Table 2 reports a list of papers in which different fuzzy numbers have been suggested to recode Likert-type scales with different number of items. Note that some Likert-type scales have not been used in a fuzzy framework so far and no fuzzy recoding has been found for them.

Table 2 Recode Likert-type scale variables into fuzzy data

The fuzzy recoding not only allows to cope with imprecise information but it also represents a tool to distinguish the “Don’t know” answers from the missing answers (i.e. “Don’t reply”) that otherwise will be treated in the same way, i.e. deleted from the dataset. As suggested by Coppi et al. (2006), the answer “Don’t know” can be recoded assuming a uniform distribution. For the best of our knowledge, no studies in the tourism literature have treated the “Don’t know” answer and this is a first attempt to deal with this kind of information.

Once the Likert-type variables have been recoded into fuzzy data, an adequate distance measure for fuzzy data, such as the one suggested by Yang and Ko (1996), has to be used in the clustering analysis.

Following D’Urso (2007), the multidimensional version of the distance measure for trapezoidal (Tl) fuzzy numbers suggested by Yang and Ko (1996) between the i-th and j-th units, with \(i\ne j\), is formalised as follows:

$$\begin{aligned} \begin{aligned} _{Tl}d_{ij}&=(\Vert \mathbf {m}_{1i}-\mathbf {m}_{1j}\Vert ^2 + \Vert \mathbf {m}_{2i}-\mathbf {m}_{2j}\Vert ^2 + \Vert (\mathbf {m}_{1i}-\lambda \mathbf {l}_i)-(\mathbf {m}_{1j}-\lambda \mathbf {l}_i)\Vert ^2 \\&\quad+ \Vert (\mathbf {m}_{2i}+\beta \mathbf {r}_i)-(\mathbf {m}_{2j} +\beta \mathbf {r}_i)\Vert ^2)^{\frac{1}{2}} \end{aligned} \end{aligned}$$
(3)

where \(\mathbf {m}_{1i}\) and \(\mathbf {m}_{2i}\) are the vectors of the left and right centres, respectively; \(\mathbf {l}_i\) and \(\mathbf {r}_i\) are the vectors of the left and right spreads, respectively; \(\Vert \cdot \Vert ^2\) is the squared Euclidean distances; \(\lambda\) and \(\beta\) are parameters that summarise the shape of the membership function (D’Urso 2007).

When dealing with triangular (T) fuzzy data, i.e. only one center is defined, the Yang-Ko squared fuzzy distance between the i-th and j-th units, with \(i\ne j\), will be:

$$\begin{aligned} \begin{aligned} _{T}d_{ij}^2&=\Vert \mathbf {m}_{i}-\mathbf {m}_{j}\Vert ^2 + \Vert (\mathbf {m}_{i}-\lambda \mathbf {l}_i)-(\mathbf {m}_{j}-\lambda \mathbf {l}_i)\Vert ^2 + \Vert (\mathbf {m}_{i}+\beta \mathbf {r}_i)-(\mathbf {m}_{j}+\beta \mathbf {r}_i)\Vert ^2 .\end{aligned} \end{aligned}$$
(4)

As suggested by D’Urso (2007) and Yang and Ko (1996), both L and R can be assumed to be linear, i.e. \(\lambda =\beta =1/2\), in both Eqs. 3 and 4.

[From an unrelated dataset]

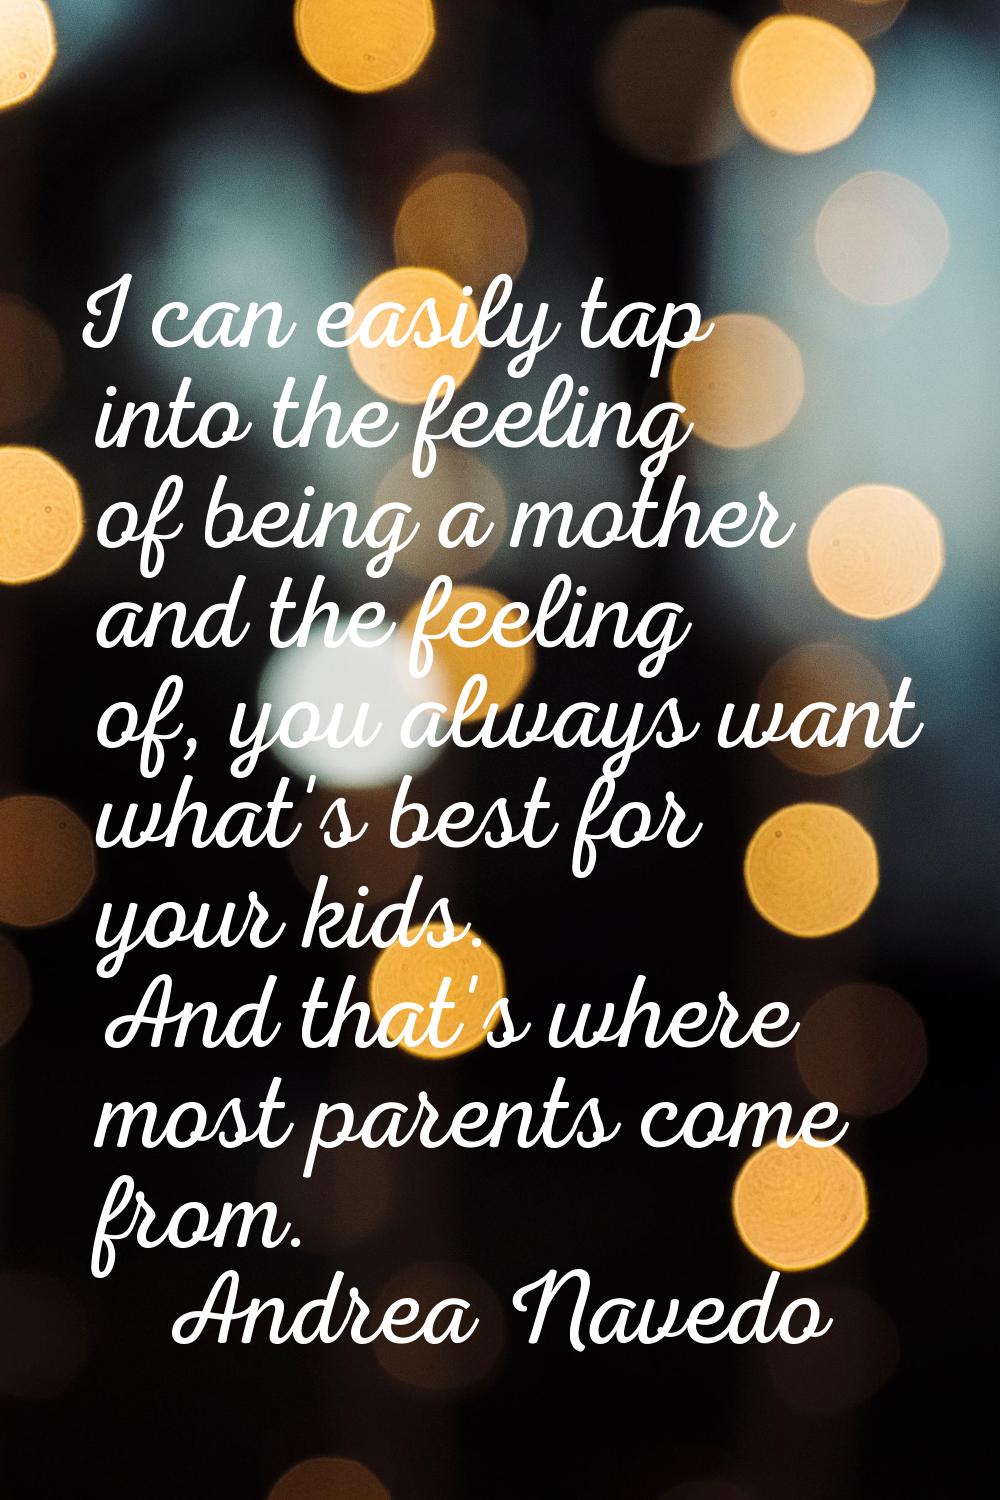 I can easily tap into the feeling of being a mother and the feeling of, you always want what's best

3.1.2 Dissimilarity Measures for Binary Data

Different dissimilarity measures for binary data have been suggested in the literature so far (Everitt et al. 2011a; Eskin et al. 2002; Ng et al. 2007). A well-known dissimilarity measure is the simple matching coefficient (Sokal 1958). The simple matching coefficient between the i-th and j-th generic units is computed as follows:

$$\begin{aligned} _{SM}d_{ij}=\frac{a+d}{a+b+c+d} \end{aligned}$$
(5)

where a is the number of variables equal to one for both units (common “presences”), d is the number of variables equal to zero for both units (common “absences”), \(a+b\) is the number of variables equal to one for the i-th unit, \(a+c\) is the number of variables equal to one for the j-th unit.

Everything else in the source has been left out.